4. Making Jean Paul Valley Batman
Bane had broken the Batman. It was a shocking moment for readers, and for Bruce Wayne himself; the Batman, previously indestructible, brought to his knees by a hulking brute. Recovery would take time, might even be impossible; in the meantime, Gotham City needed a Batman, and Bruce would have to appoint one, at best to be a temporary fill in, at worst to be a successor. And to fill the role, Bruce Wayne chose -- ...Jean-Paul Valley? Wait,
who? Yes kids, believe it or not, there was a time (read: the early '90s) before "big events" became the rage in comics when a lot of people were honest-to-God convinced that there was a brand new tough as nails Batman in town, and he went by the name of Jean-Paul Valley. Valley was a college student who learned that his father had been an assassin named Azrael, a sort of sleeper agent working for the Order of St. Dumas; their martial arts style, "the System", had been planted in Valley's brain, to be unleashed shockingly and without warning when the time came. Valley met Bruce Wayne in the "Sword of Azrael" miniseries a few years before the Knightfall story arc, and Bruce had been helping the young man come to terms with his new status as a super assassin from hell. So what better way to help Jean Paul Valley cope with these stunning revelations than suddenly, and without warning, thrusting him into the role of Gotham's protector? No wonder Jean Paul cracked under the strain. Jean Paul's ascension to the throne of the Bat clearly had more to do with thematic notions than character consistency. It's remembered now as the storyline about Bane breaking the Bat, but most people forget what Knightfall was
really supposed to be about. By the '90s, violent characters were the norm in superhero comics, and Batman's "no kill" rule seemed almost passé; the writers on the Batman titles wanted to give the readers what they wanted -- a "tougher, meaner" Batman -- and show them why that was actually a
terrible idea.
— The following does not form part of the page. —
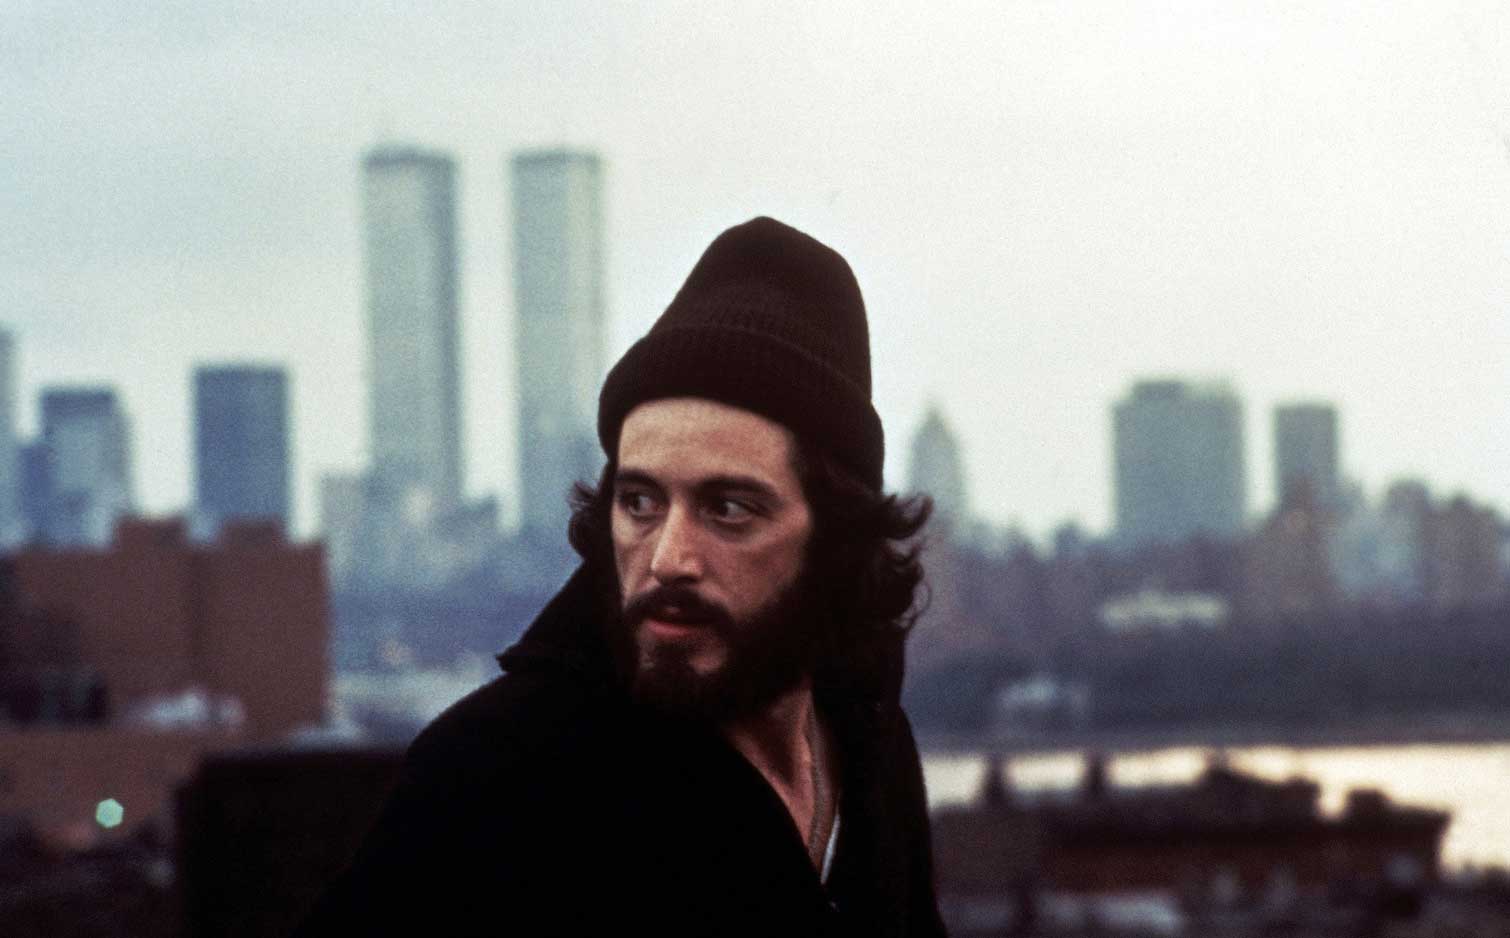 Al Pacino in a still from the 1973 Sidney Lumet film "Serpico"

The problem was they had to do this at the expense of logic. If Bruce was going to disappear, why not ask Dick Grayson to fill in as Batman? (Bruce tossed out some pablum about how Dick was "his own man", which didn't even make sense to
the other characters in the comic.) Hell, Bruce would've been better off asking
Alfred to put on the batsuit. Anyone but Jean Paul, who predictably began cracking under the strain almost immediately, monologuing endlessly about "The System", going on a massive ego trip, becoming unnesscarily brutal with criminals and allowing the villain Anarky to die a brutal, painful death. Valley, who was a major fixture of the Batman titles throughout the Knightfall story arc, has more or less disappeared since the early '90s. Maybe the writers are as embarrassed by his time in the cape as Bruce is.